The impact of changes in the innovation rate materialize first by changes in the growth rate of the economy (see Fig. 3). From a more structural perspective, large innovation rates increase volatility in the growth patterns of firms. This materializes in the in-degree distribution of firms. While the distribution is scale-free in the presence of incremental innovation only, the presence of radical innovation affects the stability of large firms and shifts the distribution toward exponential tails for large value of the innovation rate ρinn (see right-panel of Fig. 2). This feature can be explained by the fact that the strength of competition increases with the speed at which new products, radical innovations, enter the market. Hence, the negative feedback effects on the growth of firms are much more important and lead to the decrease of the tail of the distributions of sizes. This feature of the model might help clarify why conflicting evidences remain about the size distribution of firms (see e.g Cabral and Mata 2003; Axtell 2001).

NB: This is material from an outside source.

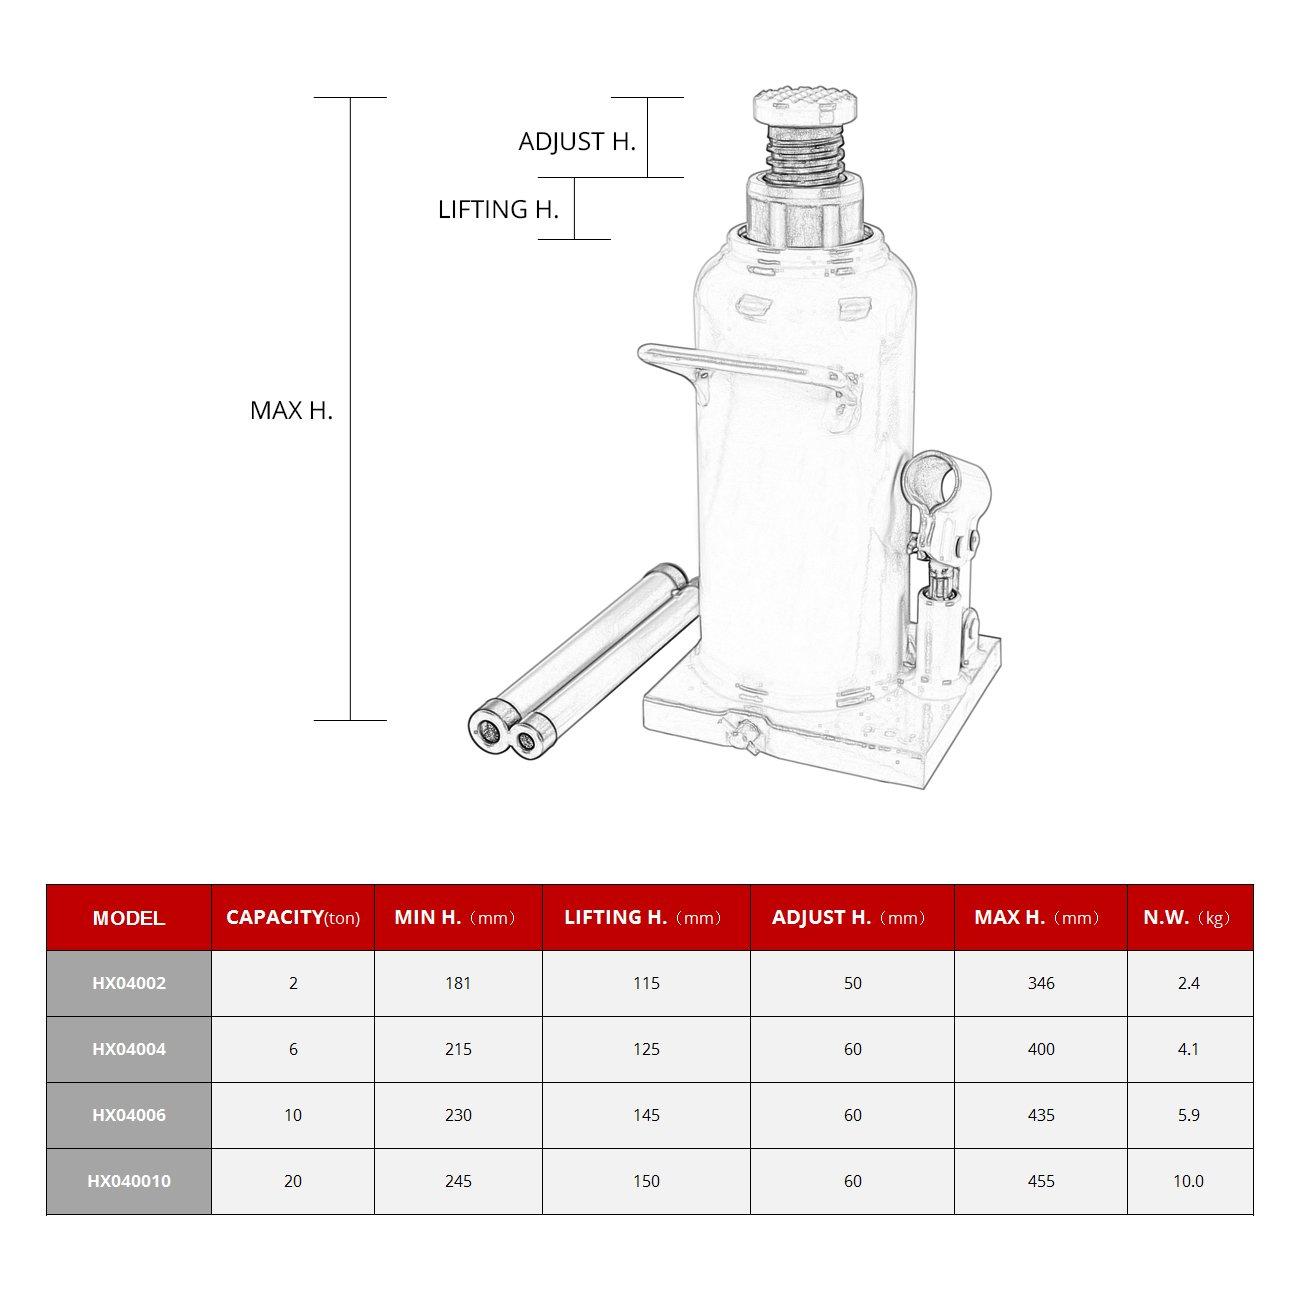 BAISHITE Hydraulic Bottle Jack 20 Ton Capacity Grey by BAISHITE (Image #6)

Shifts between different type of distributions might well depend on the growth pattern of the economy.

In all cases, heterogeneity between firms is an emerging property of the model that is in strong contrast with the monopolistic feature of growth models á la Aghion and Howitt (1998) and brings the model much closer to empirical stylized facts about industrial dynamics. In the following, we investigate in more detail how, through the interplay between incremental and radical innovations, the model can also account for complex dynamical patterns of output.

4.3 Mixed innovation regimes and complex dynamics

The experiments performed in the preceding subsections underline the complementary roles of incremental and radical innovations. Incremental innovation accounts for technological progress within a technological paradigm but saturates once the technological frontier is reached. Radical innovation accounts for the development of new products and paradigms and allows endogenous growth to be sustained.

In this section, we investigate the interplay between these processes and in particular the impact on macro-economic and industrial dynamics of the competition between radical innovators and incumbents. This competition hardly materializes in presence of radical innovation only because all firms, incumbents and innovators, then have the same expected product variety υ0 (see Section 3.3) and hence innovators always have a competitive advantage thanks to the increased productivity of their product. When both radical and incremental innovation are present, radical innovators, which initially have a low level of diversification/complexity (υ0 in expectation), have to compete with incumbents that have climbed the complexity ladder with an older vintage of the product.

In order to investigate the impact of this competition, we have performed a series of experiments in which the ratio μinc/μrad between the rates of incremental and radical innovation varies in {[1,5,10,20,50]}. Other parameters are set as in Table 1 and there is no imitation (i.e. μim = 0).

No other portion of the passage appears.